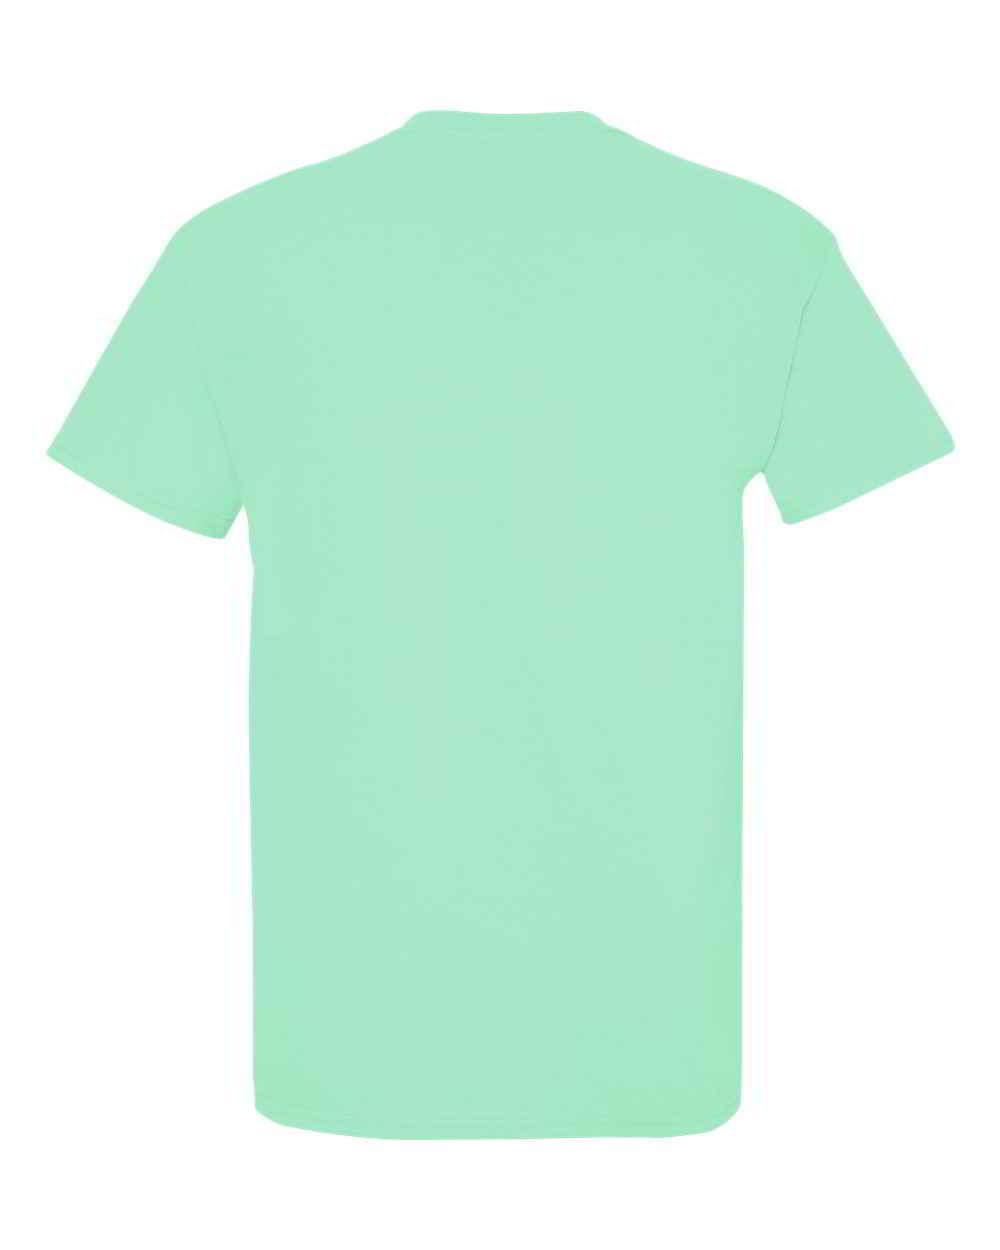 Gildan-Heavy-Cotton-Short-Sleeve-Mens-Green-T-Shirts-5000 thumbnail 26
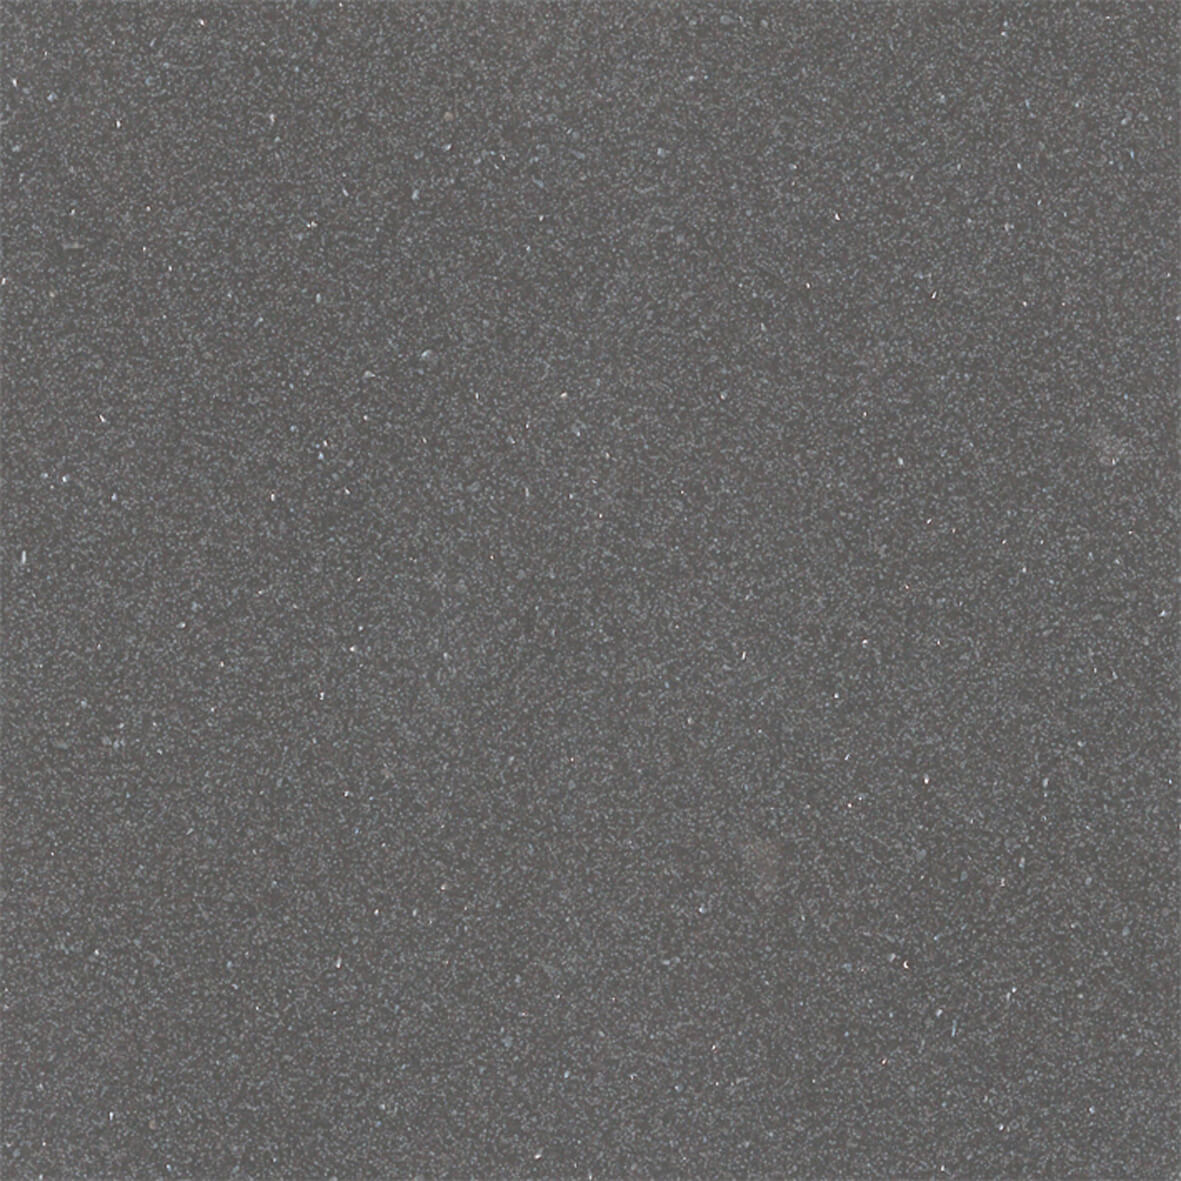 ES582メイン画像イメージ
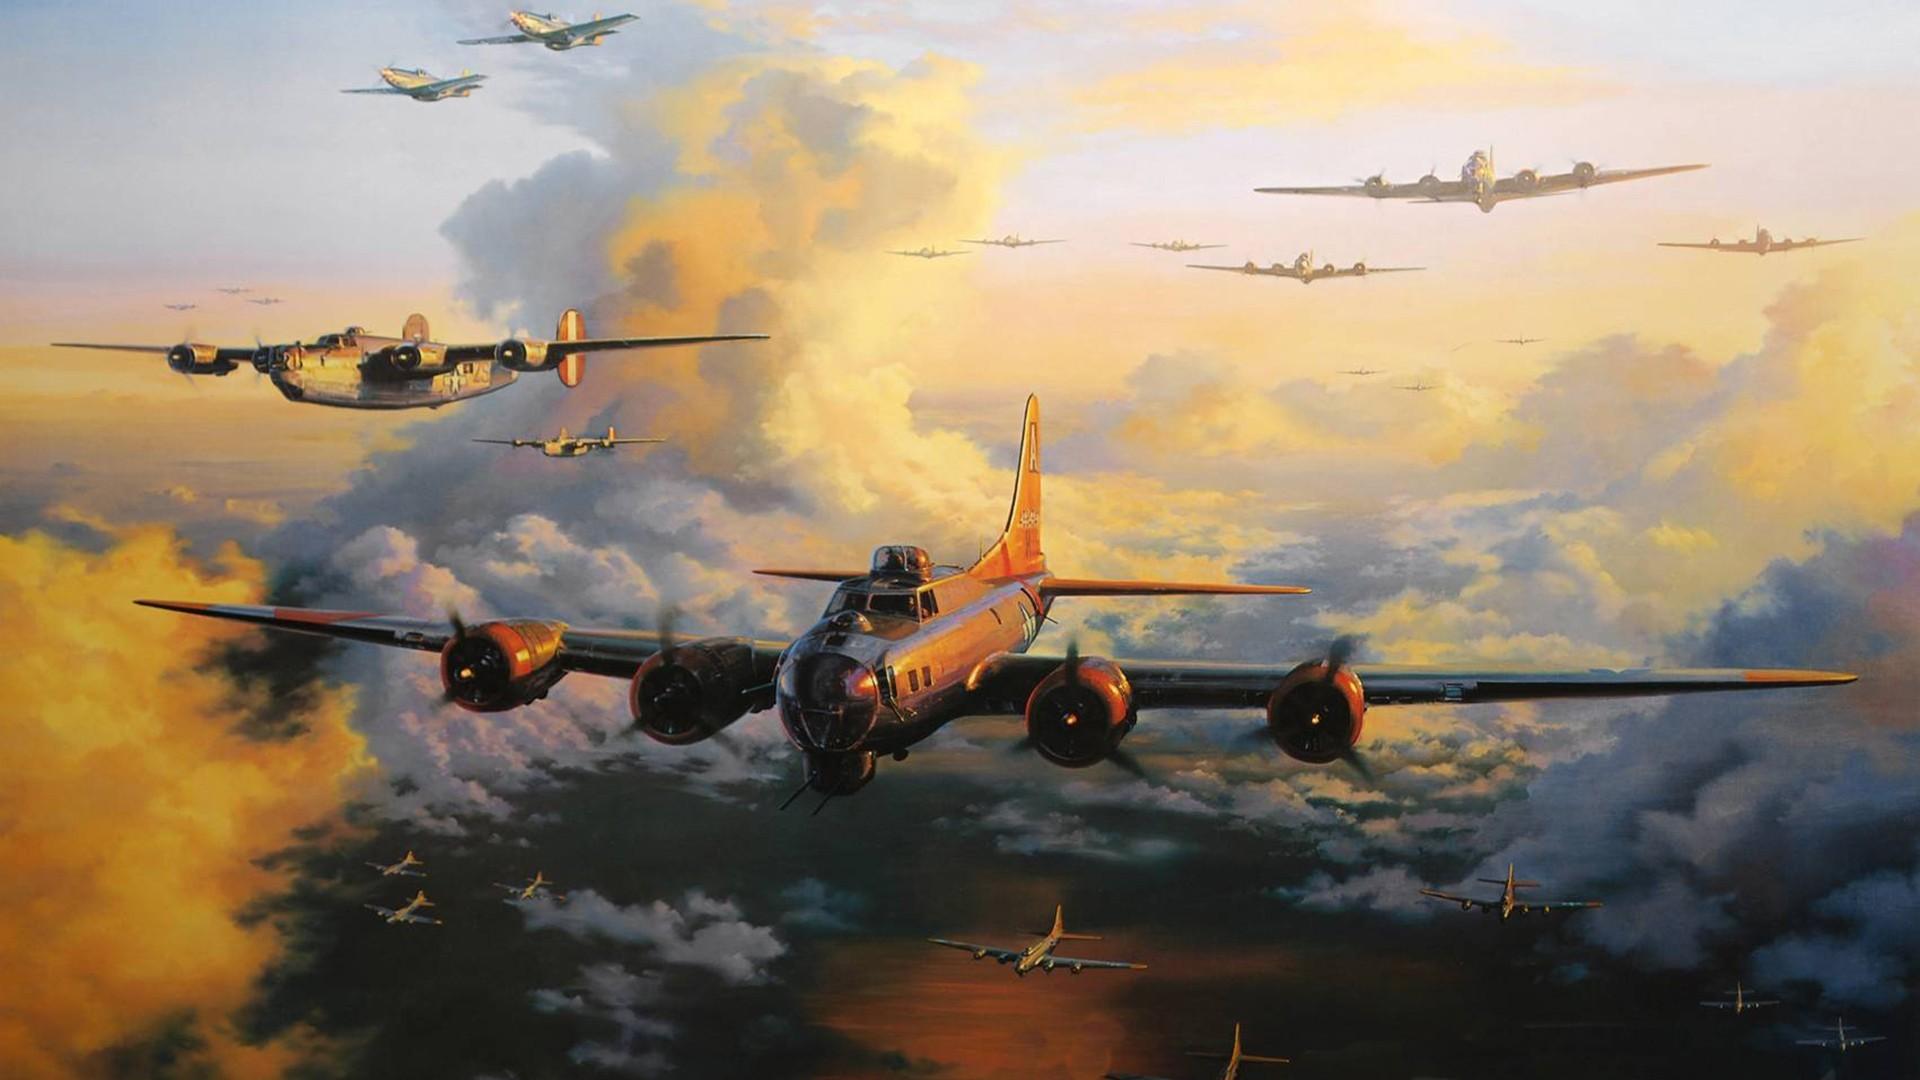 WW2 Airplane Wallpaper

^^^^^^^^^^^^^^^^

● WHAT YOU HAVE TO DO: The whole listing above needs to be copied exactly; please keep the pictures out.

● RESULT FOR THIS TASK:
 Gildan-Heavy-Cotton-Short-Sleeve-Mens-Green-T-Shirts-5000 thumbnail 26
 ES582メイン画像イメージ
 WW2 Airplane Wallpaper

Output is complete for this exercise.